RECORDS FOR THE EXERCISE Start Marker
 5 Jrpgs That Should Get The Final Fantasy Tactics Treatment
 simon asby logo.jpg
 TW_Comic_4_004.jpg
RECORDS FOR THE EXERCISE End Marker
RECORDS FOR THE EXERCISE Start Marker
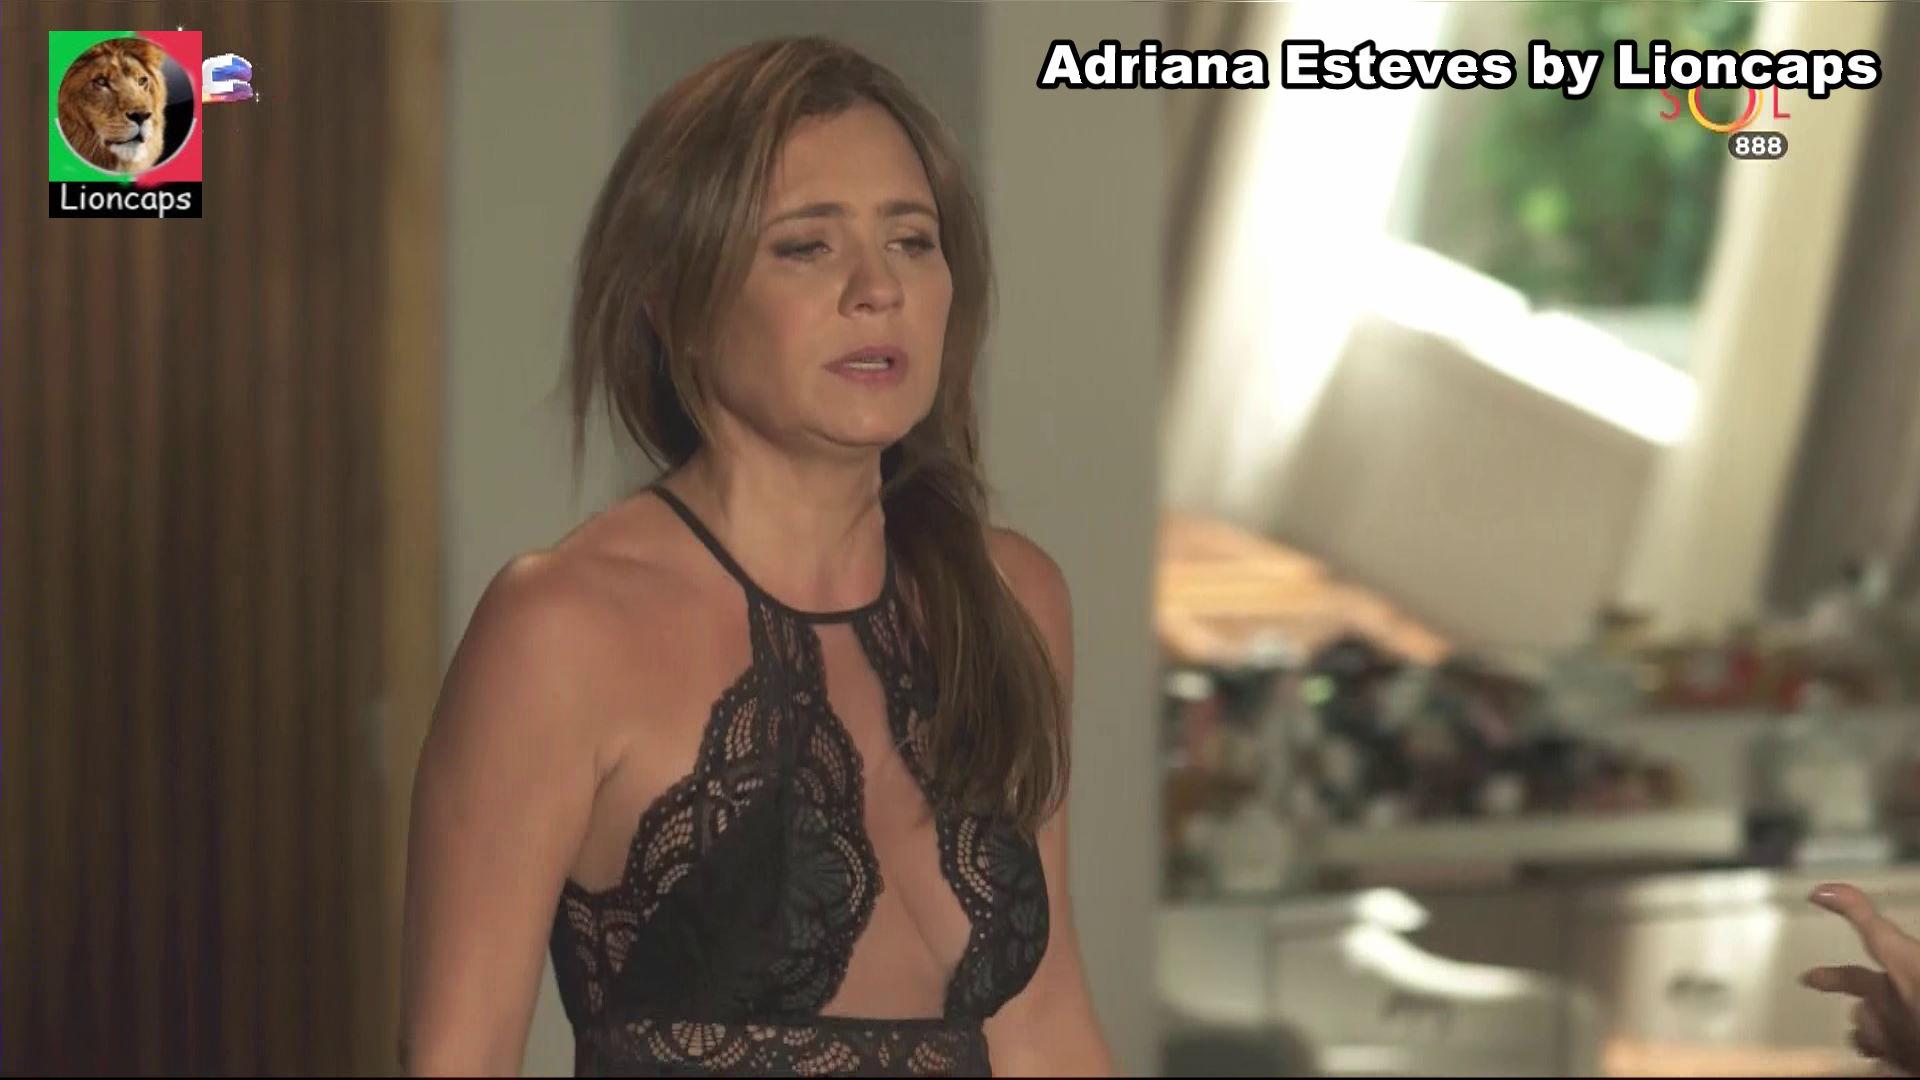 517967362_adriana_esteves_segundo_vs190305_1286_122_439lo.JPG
RECORDS FOR THE EXERCISE End Marker
Starting with the line above that holds "5 Jrpgs That" and stopping with the line that holds "TW_Comic_4_004.jpg", reproduce each line exactly, omitting all other lines.

 5 Jrpgs That Should Get The Final Fantasy Tactics Treatment
 simon asby logo.jpg
 TW_Comic_4_004.jpg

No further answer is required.